California Muslims, Sikhs Praise Anti-Bullying Bill

LOS ANGELES – Leaders of California Muslim and Sikh communities welcomed the new anti-bullying bill signed last Monday, seeing it as a first step towards ending harassment of students based on religious affiliation, ethnicity or sexual orientation.

“It’s important to create a safe environment where everyone feels accepted,” Hussam Ayloush, executive director of Los Angeles chapter of the Council on American Islamic Relations (CAIR-LA), told The Orange County Register on Wednesday, September 28.

“Bills like this one help such an environment and provide the necessary tools and resources to recognize this specific form of bullying.”

Ayloush was commenting on the new bill signed into law Monday by Gov. Jerry Brown that was specifically designed to protect these students from bullying on California’s school campuses.

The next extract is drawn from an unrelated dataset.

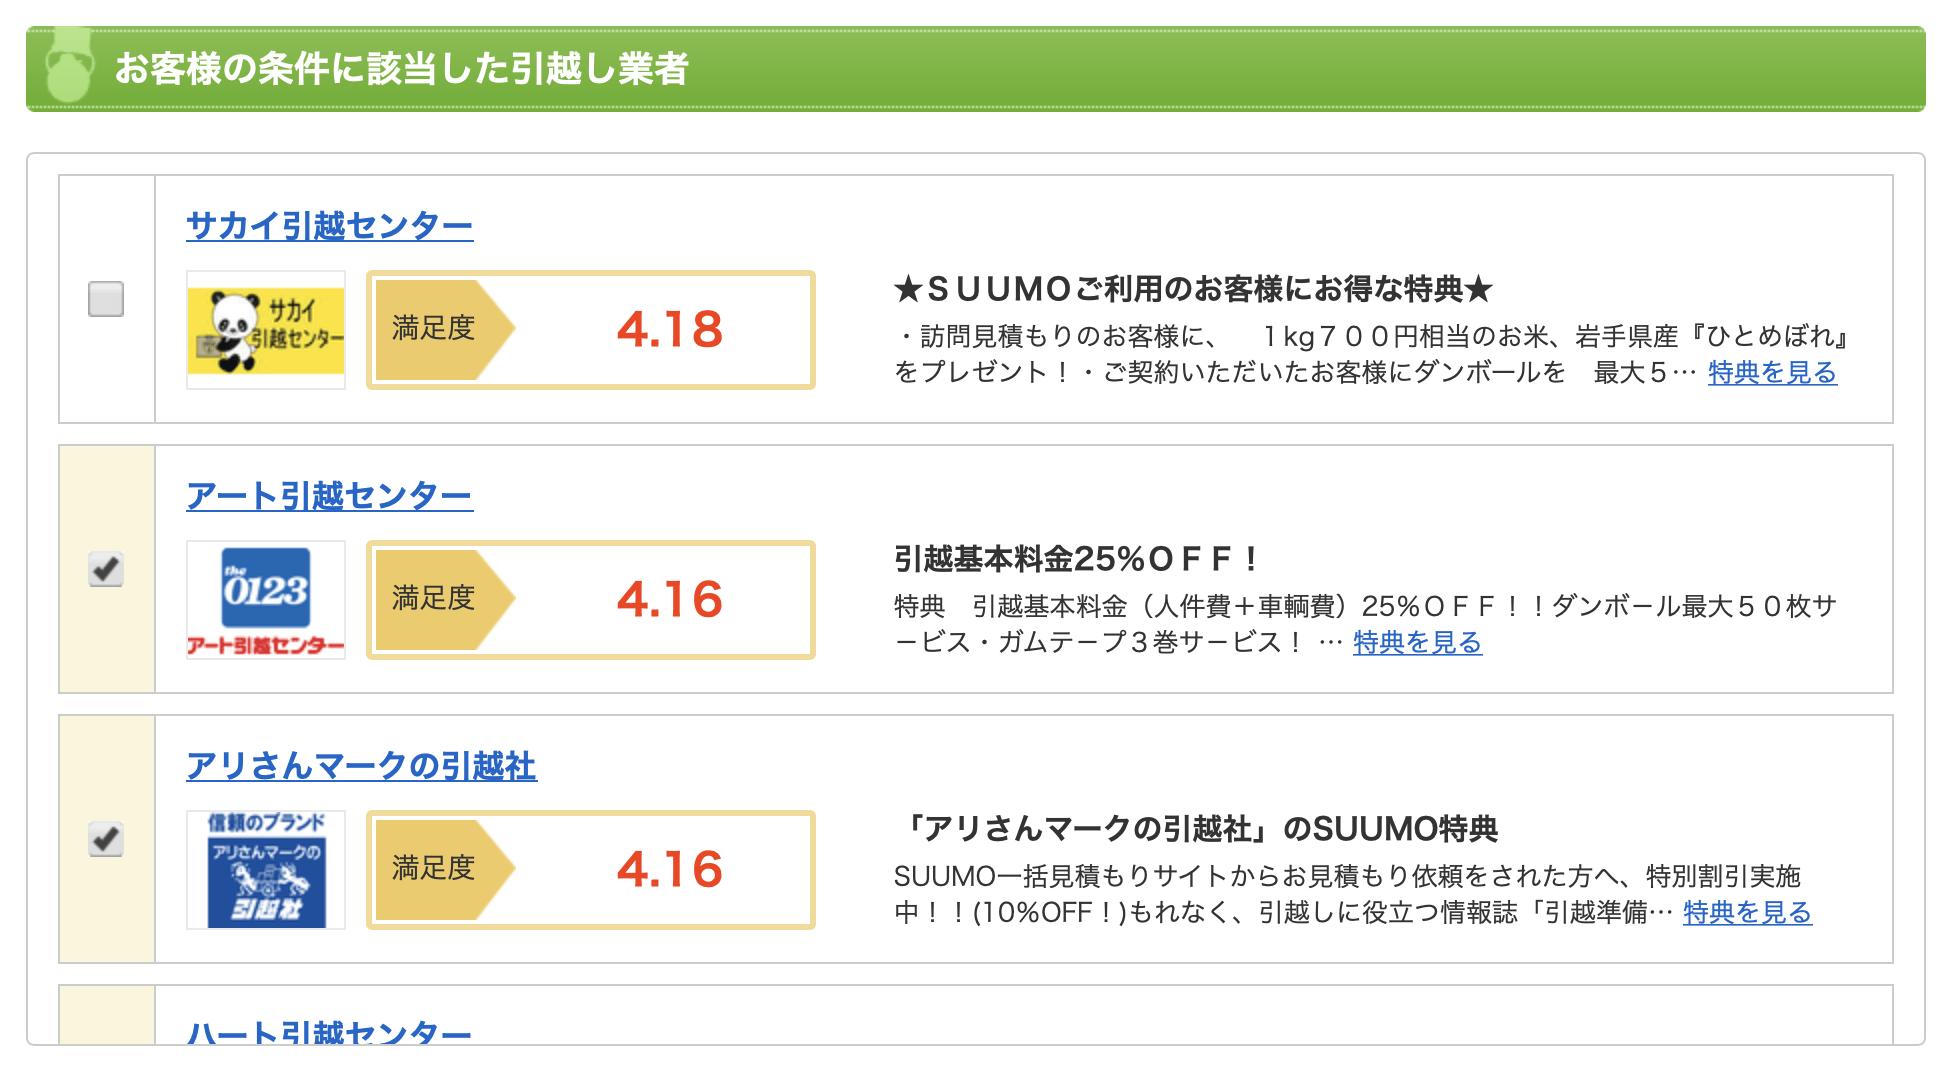 SUUMO引越しの利用イメージ
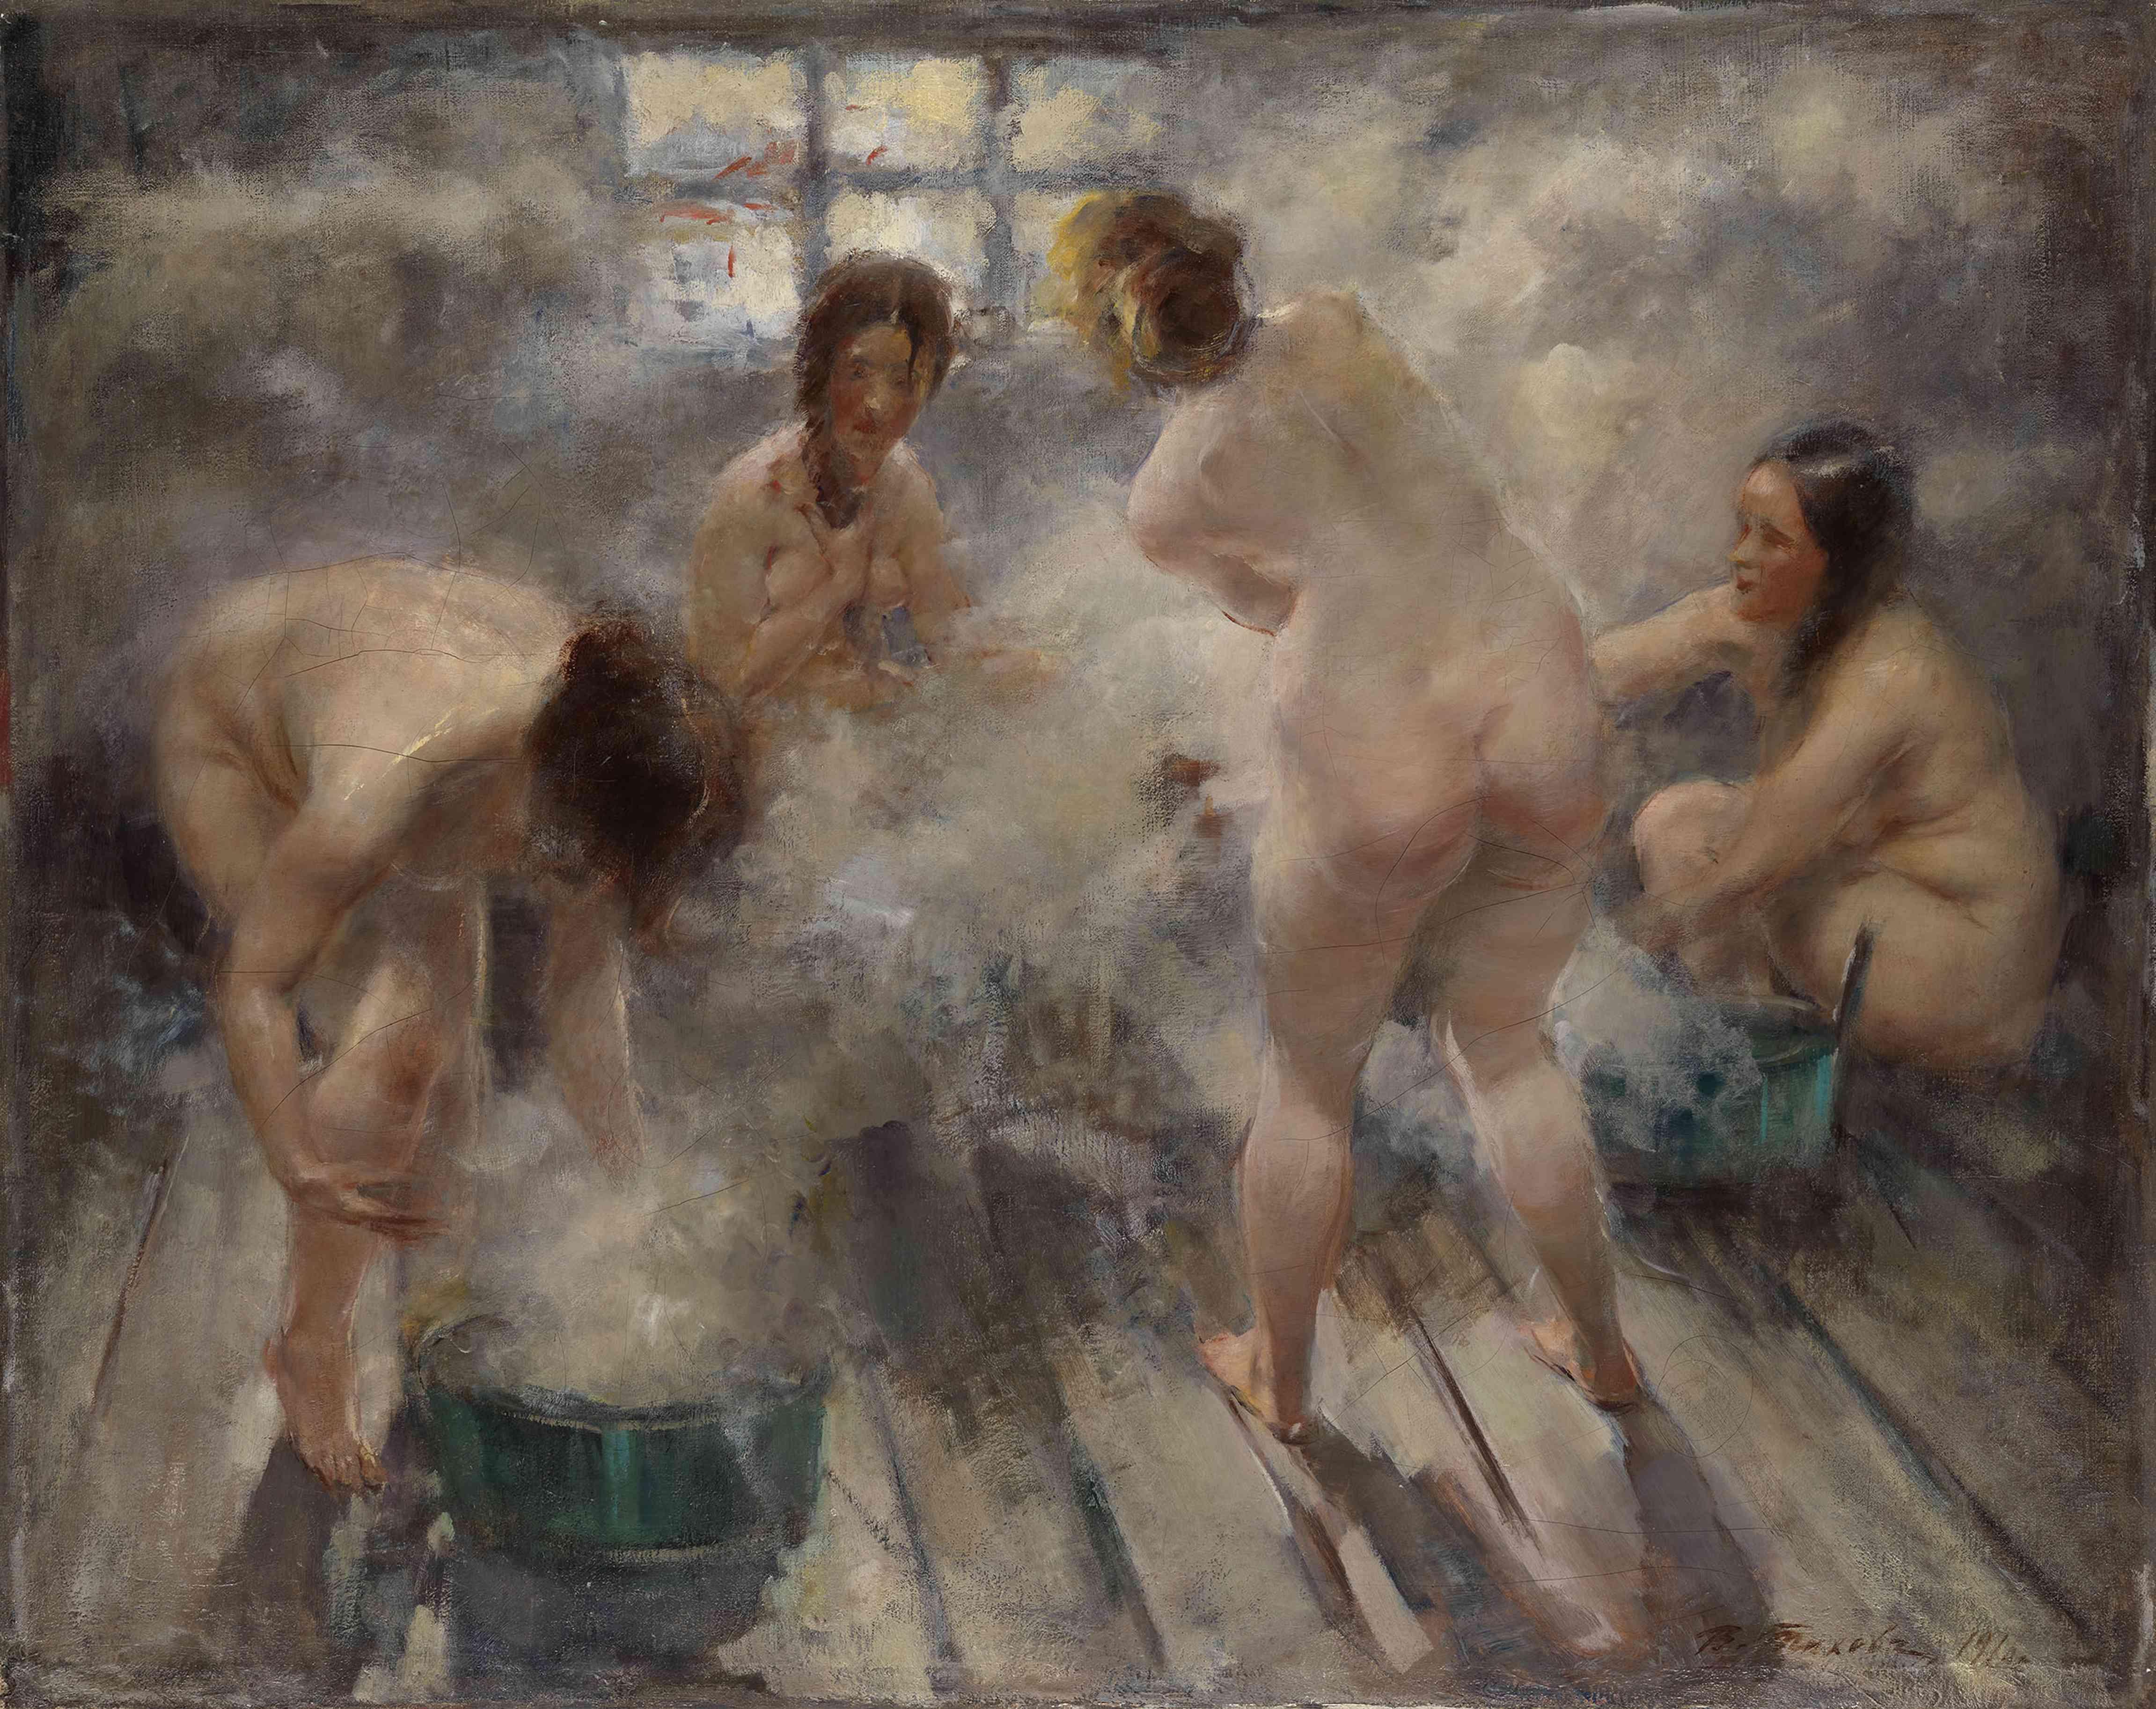 In a Russian Banya, 1916. Artist: Tikhov, Vitali Gavrilovich

The law will go into effect January 1, 2017.

The bill, number AB2845, requires the California Department of Education to assess whether local educational agencies have provided anti-bullying information to staff on campuses and resources for students who are being bullied based on religious affiliation, ethnicity or sexual orientation.

The bill also requires the Superintendent of Public Instruction to post on its website anti-bullying resources related to affiliation with any religion, nationality, race or ethnicity.

It was co-sponsored by Asian Americans Advancing Justice, the Council on American-Islamic Relations, the Sikh American Legal Defense and Education Fund, and the Sikh Coalition.

“Our kids are bullied so much just for being who they are that they fall behind in their school work,” Amarjit Dhillon, the president of Gurdwara Buena Park, a Sikh temple, said.

“It affects them psychologically.”

Dhillon recalled how he was himself called “bin Laden” while walking in downtown Los Angeles.

Welcoming the bill, he said though it might not resolve the overall issue but it is a good start.

“We’ll have to wait and see how much it helps,” he said.

“What could really help is teachers and principals putting some effort into teaching kids about different religions and respecting everyone.”

Alarming

Recent surveys have revealed alarming record of anti-Muslim bullying.

Ayloush said that in surveys CAIR conducted with local students, many reported being called a “terrorist.”

A number of female students reported that other students pulled or attempted to pull their head scarves.

“A big part of the challenge is to help students see that these types of harassing actions amount to bullying and should be reported,” he said.

Bullying is no longer “just about getting beaten up for lunch money,” Ayloush said.

“There are other forms of bullying, and if we don’t address them, it could lead to bigger problems such as anxiety, depression or even suicide,” Ayloush said.

In extreme cases, such isolation could drive someone to seek refuge in radical ideology, Ayloush said.

“It’s important to create a safe environment where everyone feels accepted,” he said.

“Bills like this one help such an environment and provide the necessary tools and resources to recognize this specific form of bullying.”

Ron Avi Astor, professor in the School of Education and School of Social Work at USC warned that bullying students because of their faith could have psychological damages.

“It’s bad enough being called names because of who you are as a person,” he said.

“But with this type of categorical bullying, it’s not just you but your family, friends and community members who are targeted. It damages not just the person but how he or she feels connected with society, their peers and their school.”

He also praised the bill, stressing that allowing such bullying on school campuses could send the wrong message to the students who are victimized that they are not wanted in this country.

“It’s like telling them you are not valued,” he said.

“That you’re not part of the American story.”